Tova slips off her shoes and puts them inside her pack and tucks her skirts into her belt, where they’ll be out of her way. The last thing she needs is to get them wet. She curses as she tests the water with her toes, but there is nothing for it. Beorn and Oslac are beckoning her on, and behind her Merewyn and Guthred are waiting. The river is high and swift-coursing, rising more than halfway to Tova’s knees. She tugs on Winter’s reins, urging her on. The riverbed is thick with mud which sucks at her soles, forcing her to tread carefully. She grits her teeth against the biting cold. One step, then another, then another. By the time she reaches the other side she can hardly feel her legs, they’re so numb; it’s a wonder her toes haven’t dropped off. She’s seen it happen: a decrepit pedlar that ?lfric found out by the crossroads after a blizzard. Barely alive when they brought him into the hall, his lips were blue and his fingers and toes purple, turning soon to black as they withered away. He lived, but he was lucky.
They pause on the north bank to dry themselves off and let the feeling return to their limbs, but they don’t dare tarry for long. By the time they’re on their way the sun has disappeared again into the grey. Tova wonders how many more dawns she’ll get the chance to see.
*
Three more days, maybe four. That’s how long Beorn reckons it will take them to reach Hagustaldesham. If they move quickly. And they’re going to have to.
‘The wind’s changing,’ he says as he pauses to look up at the sky. ‘Colder weather to come. There could be snow on the way.’
‘How soon?’ Guthred asks.
‘Your guess is as good as mine. Tomorrow, maybe, or the day after. It’s a feeling I have, that’s all. Just as in summer you can sense a storm in the air. You can feel it on your skin long before it arrives. It’s like that. If you spend any time at sea, as I’ve done, you learn to recognise the signs.’

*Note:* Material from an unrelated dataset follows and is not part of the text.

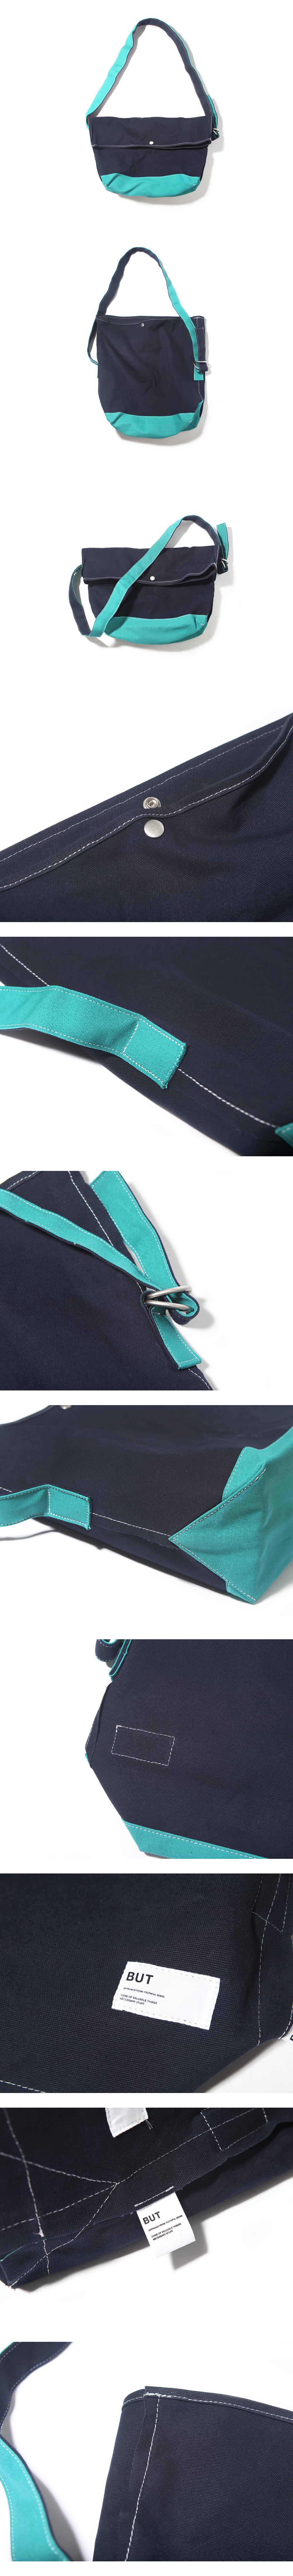 FLAP MESSENGER BAG-NAVY/MINT
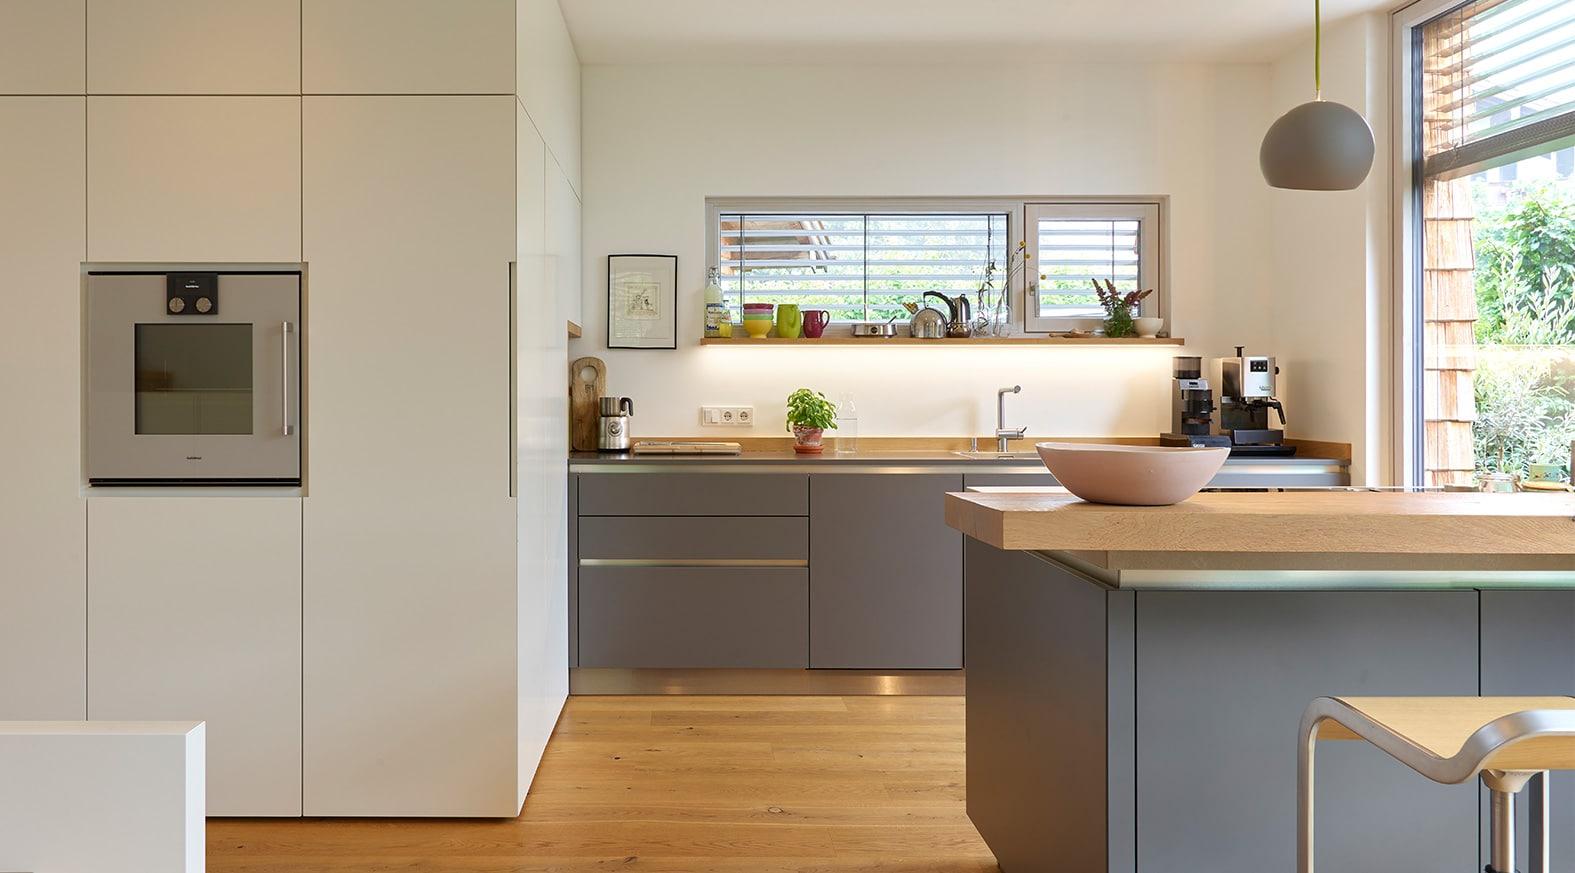 Küchendesign von VOIT aus Beton in Kombination mit MDF Fronten und Regalen in weiß

‘You didn’t tell us you’d been to sea,’ Tova says.
‘I’ve been to lots of places.’
She has only seen the sea once in her life, although of course she has heard many songs and stories about ships and the beasts of the deep, and the lands that lie across the water, and the strange and wonderful creatures that live there. What it must be like to be out there on the vast, open whale road, she can’t begin to imagine.
‘Have you been to Miklagard?’
‘Not Miklagard, no. Never that far.’
‘Where, then?’
She wants to know more about these faraway places she’s heard of, but this time from someone who has actually seen them with his own eyes.
‘Yrland and Ysland. Orkaneya. The kingdom of the Danes. Sometimes to the lands of the Moors.’
‘They say that the Moors have skin that’s as black as coal,’ she says. ‘Is that true?’
‘Not quite. Not the ones I’ve seen, anyway. But dark. Much darker than you or I or anyone living in England.’
‘What about the Yslanders? I’ve heard they live without a king, and instead they rule themselves through councils, and that the earth itself spits fire, and there are giants living in the mountains.’
‘That’s right. Everything except for the giants, anyway.’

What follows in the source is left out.